== Segment start ==

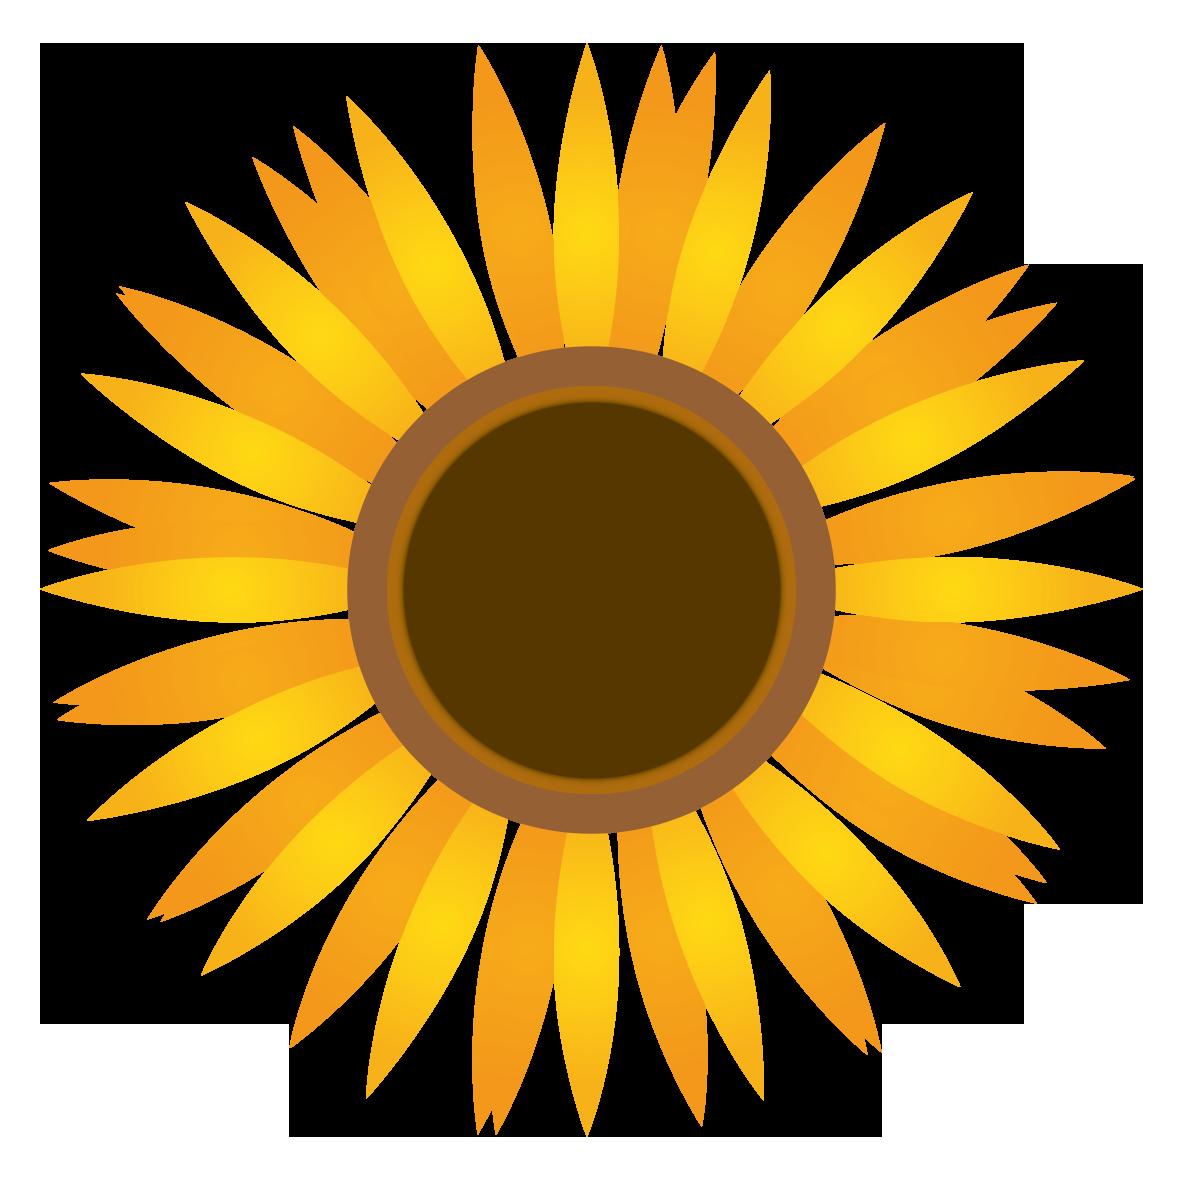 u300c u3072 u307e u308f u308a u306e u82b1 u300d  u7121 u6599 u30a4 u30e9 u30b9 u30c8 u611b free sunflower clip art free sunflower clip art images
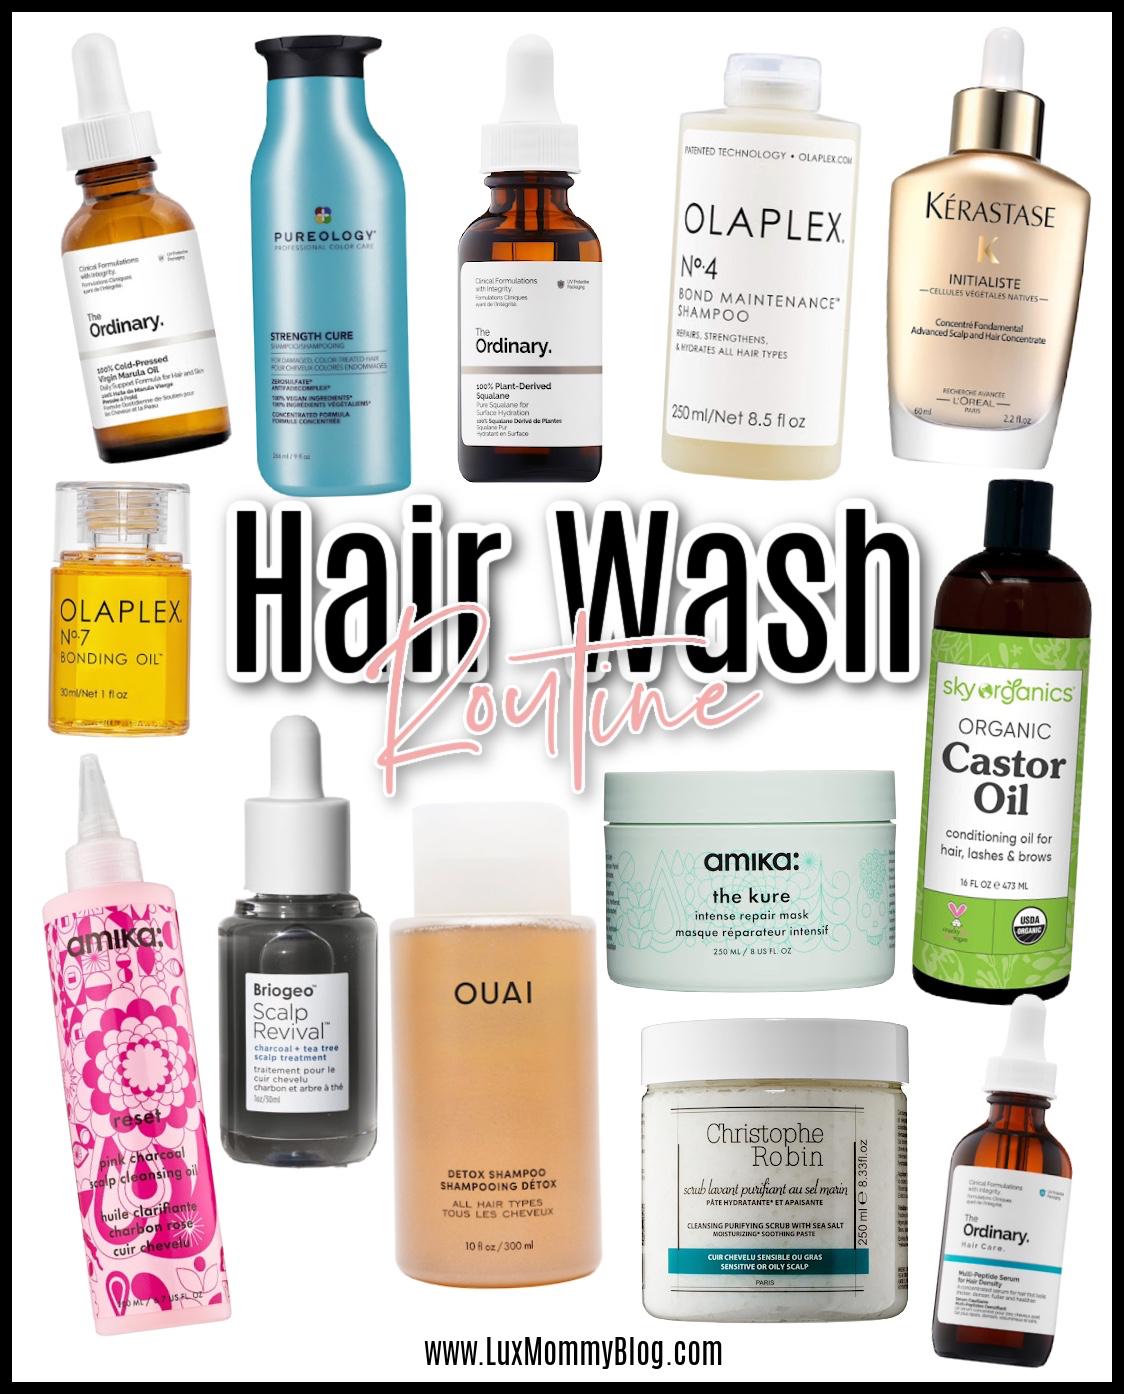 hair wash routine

== Segment end ==
== Segment start ==

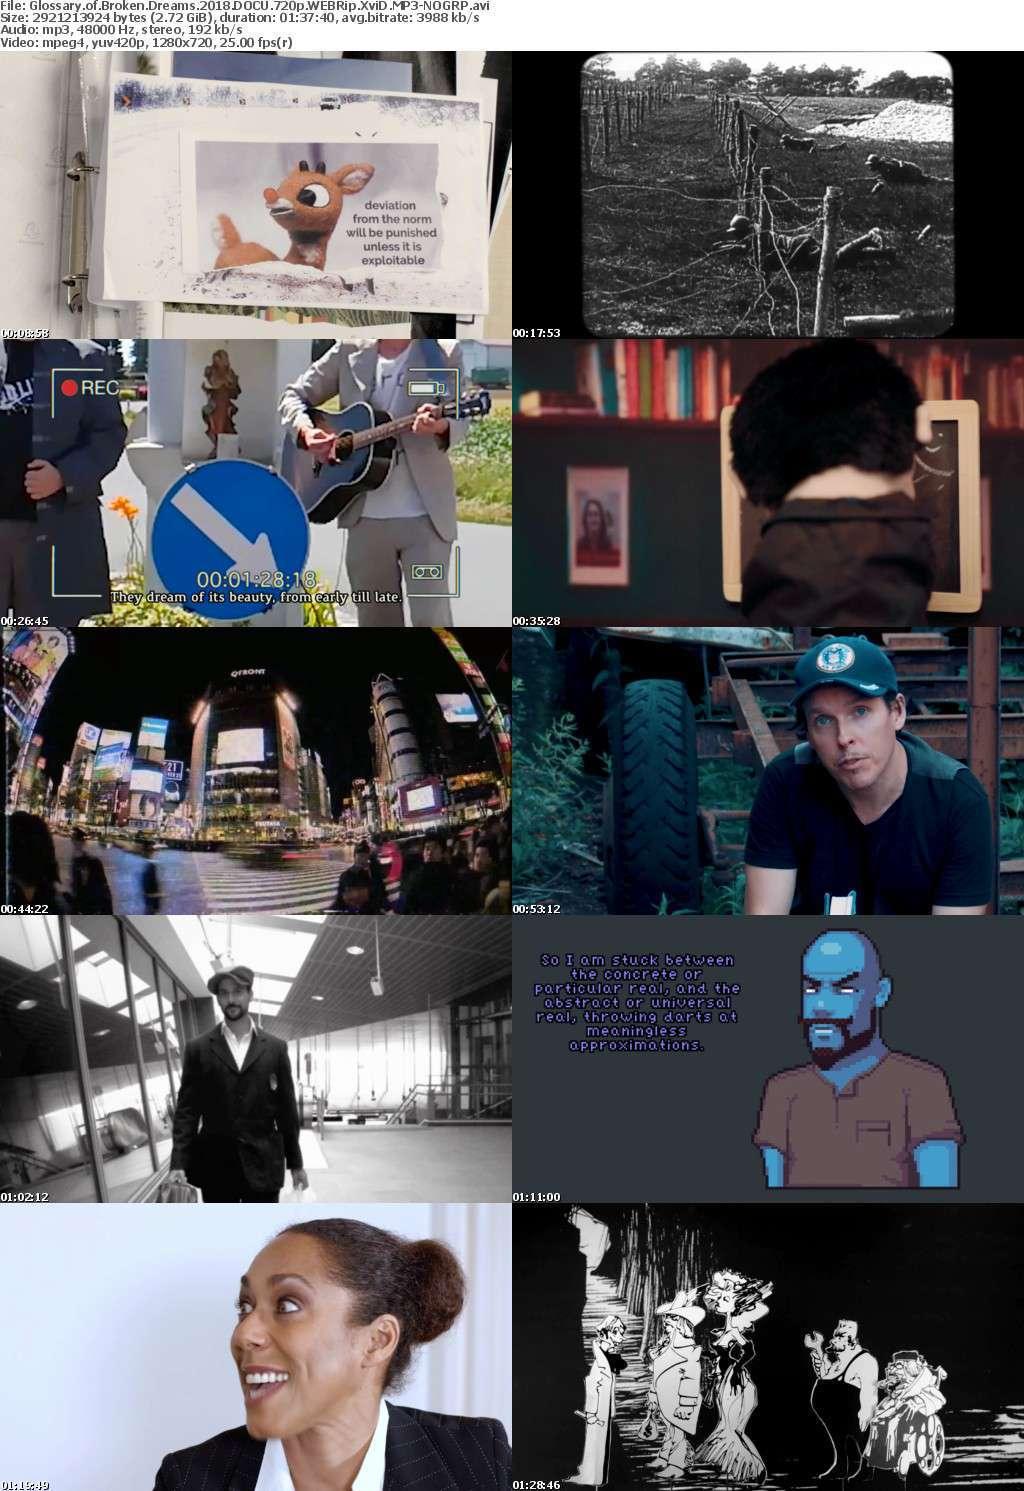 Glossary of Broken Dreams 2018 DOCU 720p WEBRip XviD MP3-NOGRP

== Segment end ==

Nothing but the lines above, starting at the line that contains "u300c u3072 u307e" and ending at the line that contains "hair wash routine", should be given again, exactly and without the pictures.

 u300c u3072 u307e u308f u308a u306e u82b1 u300d  u7121 u6599 u30a4 u30e9 u30b9 u30c8 u611b free sunflower clip art free sunflower clip art images
 hair wash routine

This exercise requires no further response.